Yeast nutrient is always a good idea, but especially if you are adding sugars or are worried about your yeast health. I like the Wyeast blend, but there are lots of good options available.
Chill. A quick disconnect makes hooking up my homemade immersion chiller to the faucet much easier. I like the convenience of chilling in the kitchen (boil kettle sitting on a metal folding chair), but outside connected to a garden hose works to. I give the wort a stir/swirl every few minutes with the wort chiller to speed up the chilling process. In the winter my tap water is really cold, but in the summer chilling takes much longer as the water creeps up towards 80.
This post was originally conceived as a overview of wort production, but I thought I'd touch on a few other areas as well. I also did a post on brewing sour beers that covers most the issues specific to those beers.
Pitch. I try to pitch plenty of healthy cells, either with a starter from liquid yeast, slurry from a previous batch, or dry yeast. Jamil's pitching rate calculator is a very handy tool for figuring out exactly how much to pitch. The only time I pitch right out of a smack-pack or vial is when I'm doing a small batch of low gravity beer (essentially a glorified starter I'm planning on drinking).
Ferment. Keep the ambient temperature a few degrees below your target fermentation temperature. The fermenting yeast will produce some heat and will cause the wort to be a few degrees warmer than the surrounding air. As the fermentation slows I'll generally increase the ambient temperature to make sure the wort doesn't chill (which could shock the yeast and lead to a stuck fermentation).
I usually crimp a piece of aluminum foil over the neck of the carboy for beers that have plenty of head space (with the amount of CO2 being produced you don't need to worry too much about wild microbes getting into the beer), or a blow-off tube for beer that don't have a safe amount of head space. Once fermentation slows down I'll switch either to an airlock to make sure no oxygen gets into the fermenter.
Rack. A pump action auto-siphon is the single greatest homebrewing gadget in my opinion. Mine tend to only last about 12-18 months before the gasket loses suction, but the $10 is well worth it for the effort, oxidation, and infection risk they reduce. Flushing the carboy with CO2 is a great idea if you are worried about oxidation, but I really only do it for pale hoppy beers. I don't rack beers I am going to keg to secondary, since the keg takes its place, but I do for most bottled beers to ensure they don't have much yeast/trub in the bottle. If you have the ability to cold crash/stabilize your beers for a few weeks it will help improve the clarity and shelf stability of your beer by dropping out excess yeast and protein.
Bottle/Keg.

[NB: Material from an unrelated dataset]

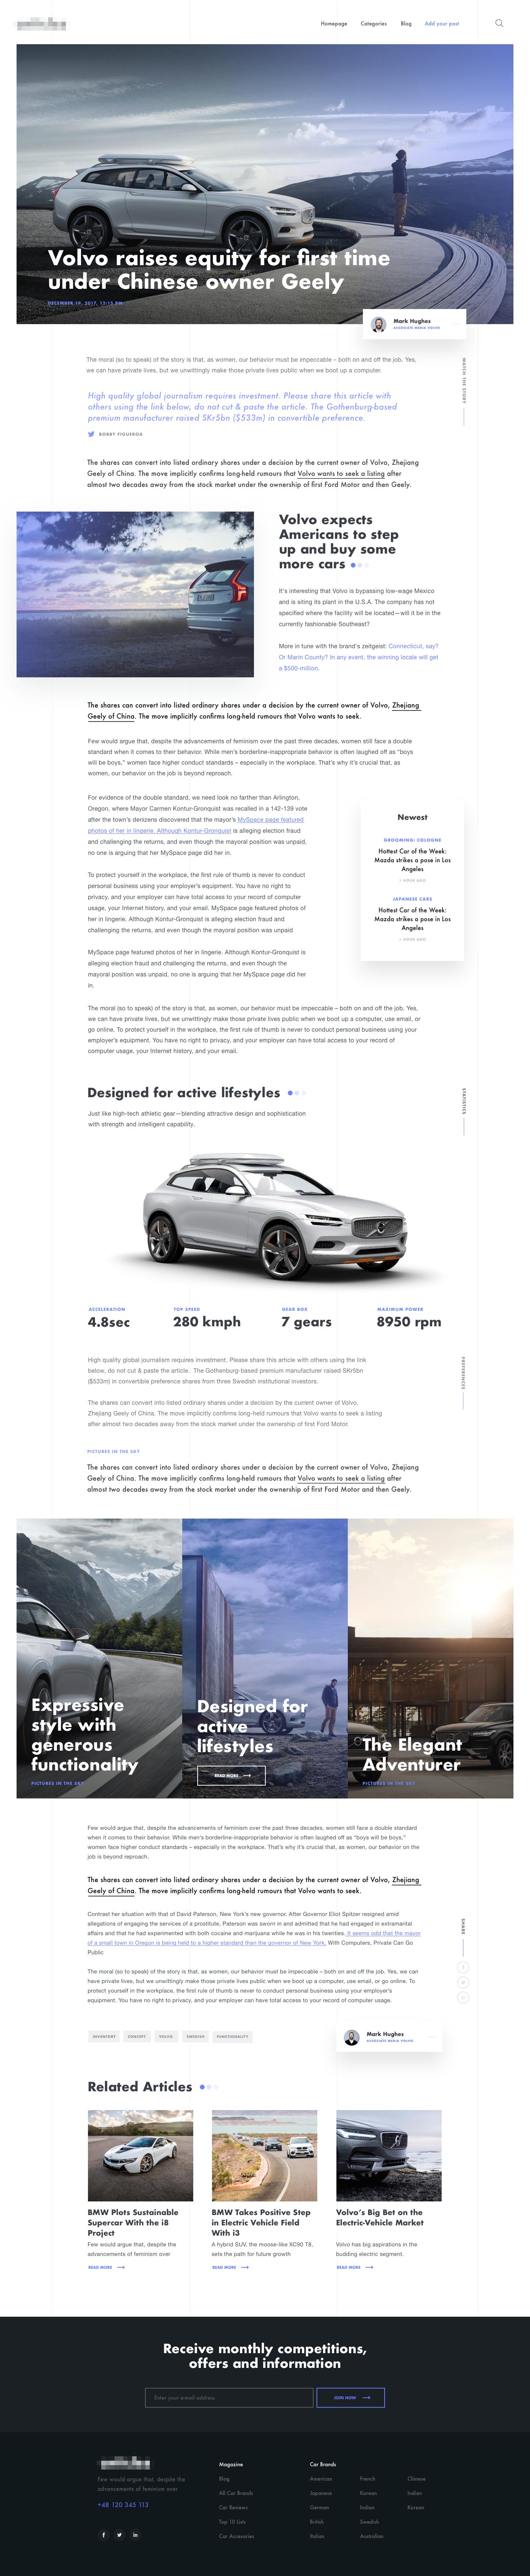 Volvo article

An in depth look at packaging will have to wait for another time. That said, I wish it didn't because I think carbonation is an often marginalized topic. Figuring out the proper amount of priming sugar should be done with a priming calculator that takes into account the volume (not your intended batch size, but the actual amount in the bottling bucket) and temperature of the beer (which is a proxy for the amount of carbonation in solution), and target amount of CO2. Like most things in brewing, priming sugar should be measured by weight, not volume for the most accuracy. Some fresh yeast is a great idea for long aged, strong, or cold crashed beers, but it is generally not needed.
As Pete Docter the director of Monsters, Inc. and Up said, "Pixar films don't get finished, they just get released." I've been working on and off on this post since I brewed my Citra Pale Ale in late April, I'm still not completely happy with it, but it was time to post.